Exercise — Would you reproduce each of the records below precisely, with the pictures left out?
===== Task input
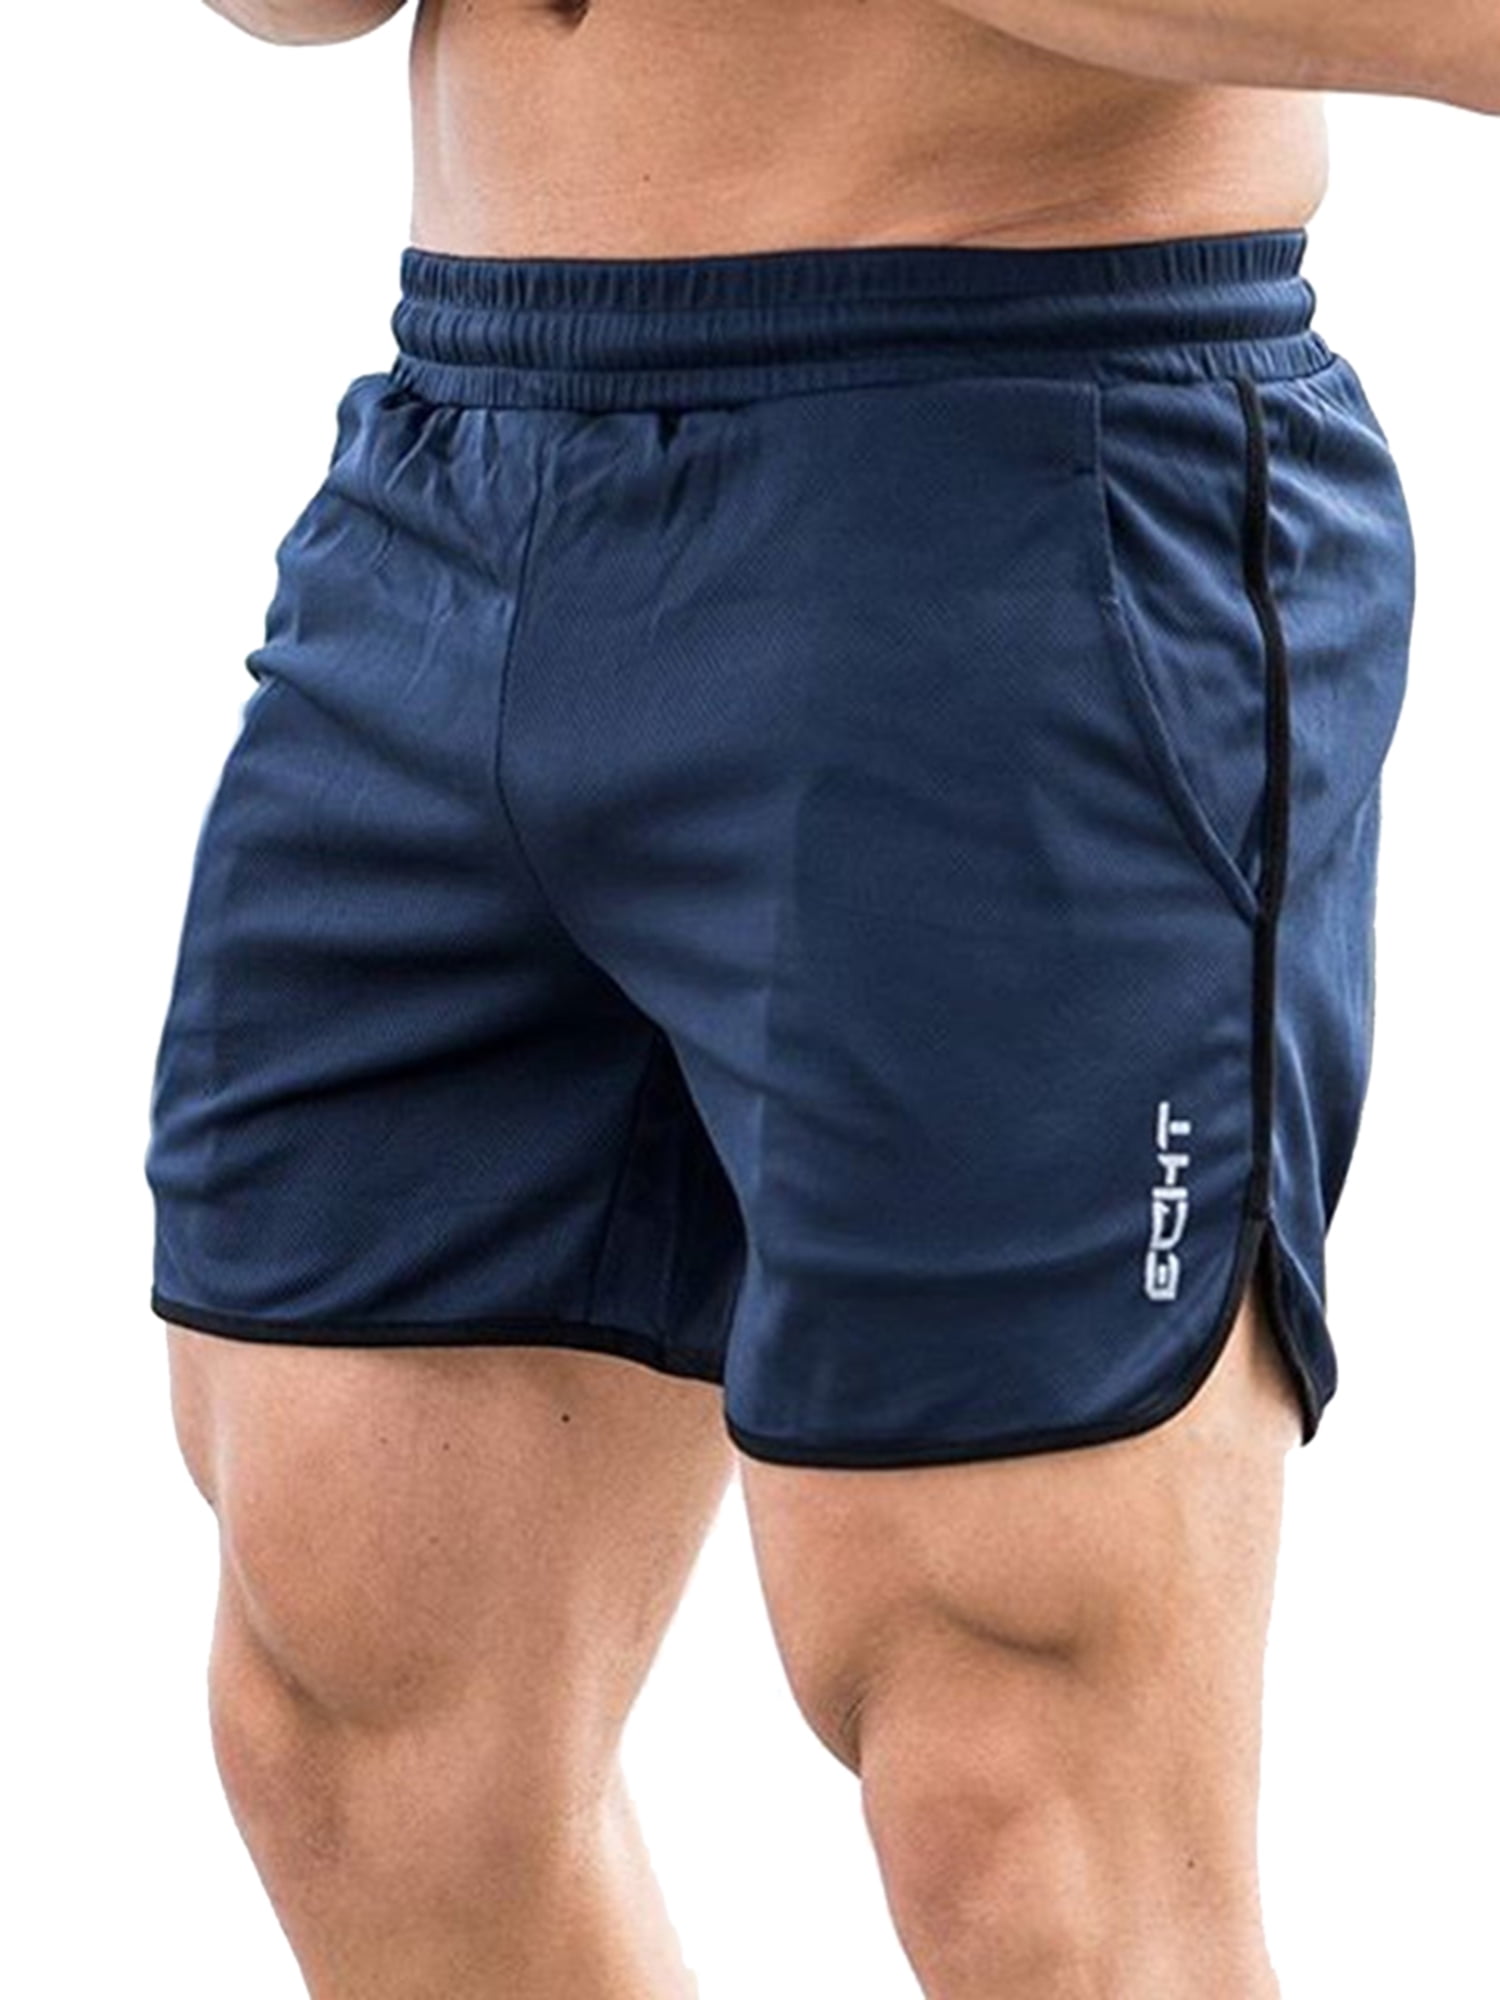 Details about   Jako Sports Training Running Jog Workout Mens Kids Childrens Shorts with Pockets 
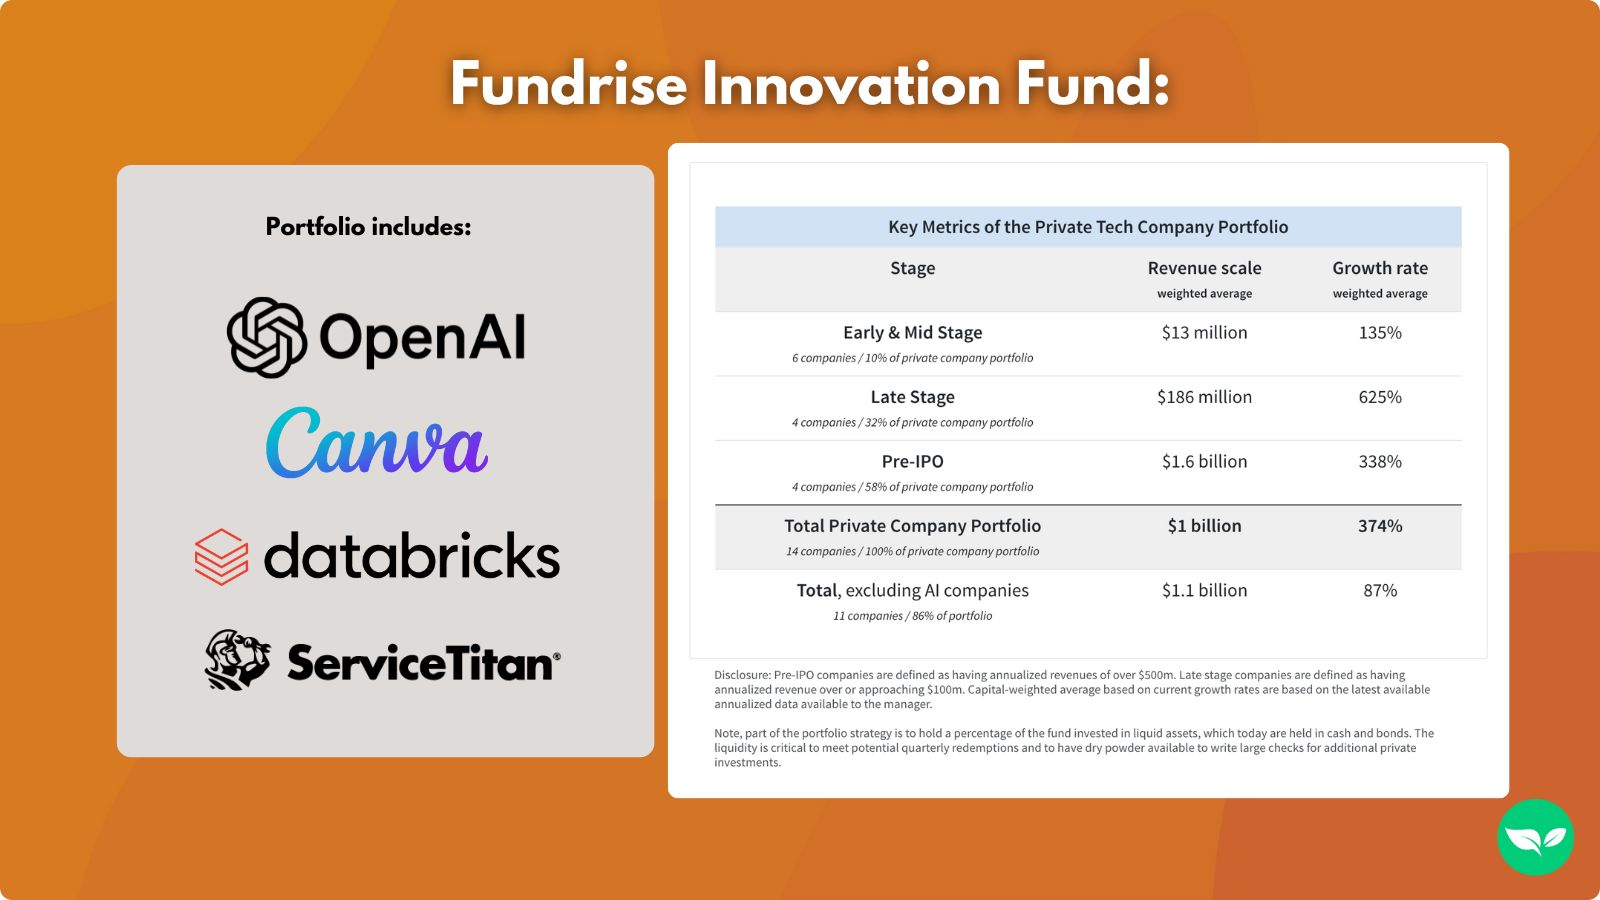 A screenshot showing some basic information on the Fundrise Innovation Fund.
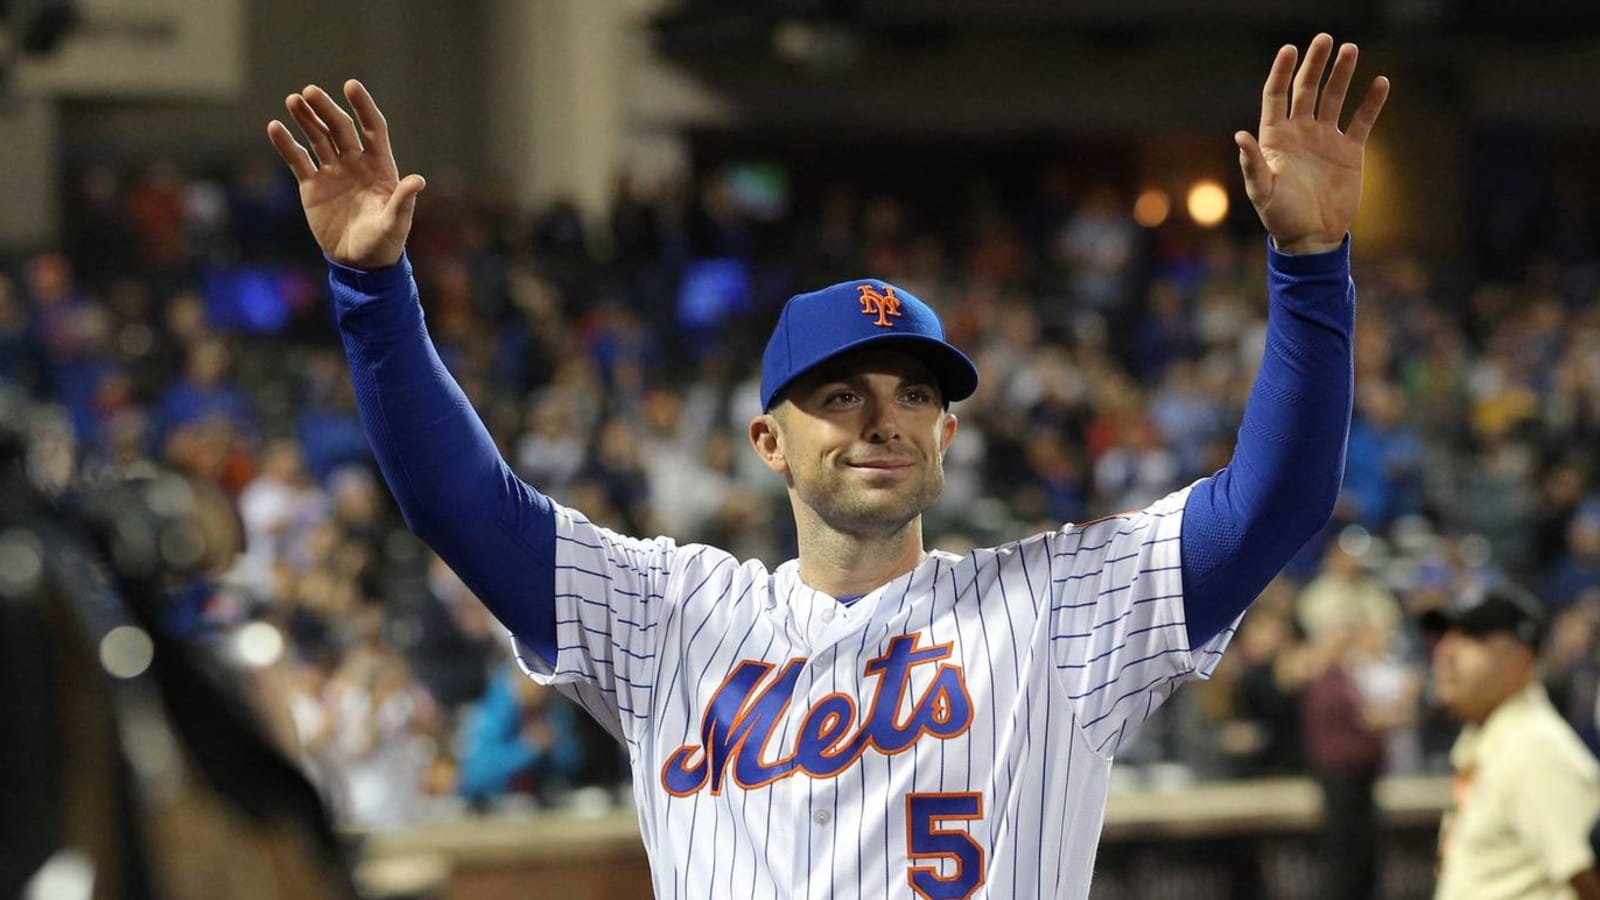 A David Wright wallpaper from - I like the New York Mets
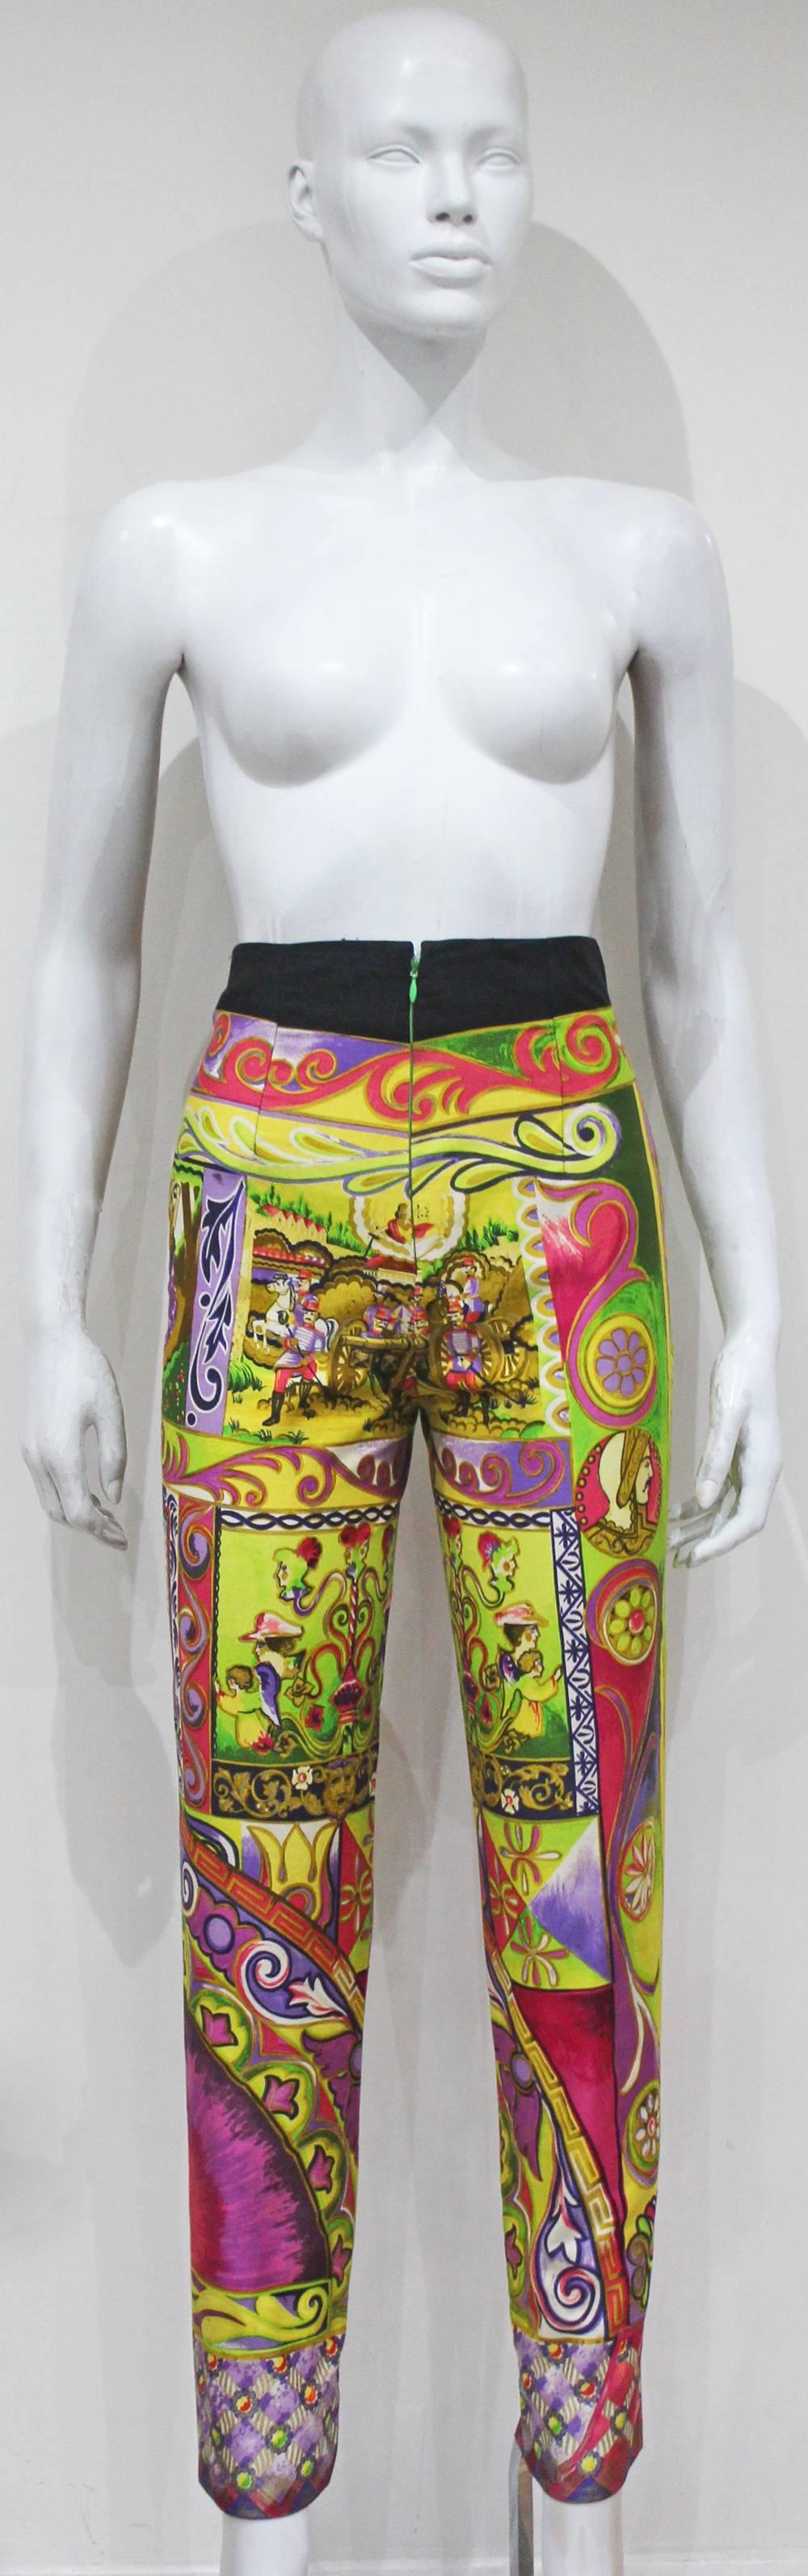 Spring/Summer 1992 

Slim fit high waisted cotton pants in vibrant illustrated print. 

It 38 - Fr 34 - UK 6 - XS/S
==========
Answer space —
 Details about   Jako Sports Training Running Jog Workout Mens Kids Childrens Shorts with Pockets 
 A screenshot showing some basic information on the Fundrise Innovation Fund.
 A David Wright wallpaper from - I like the New York Mets
 Spring/Summer 1992 

Slim fit high waisted cotton pants in vibrant illustrated print. 

It 38 - Fr 34 - UK 6 - XS/S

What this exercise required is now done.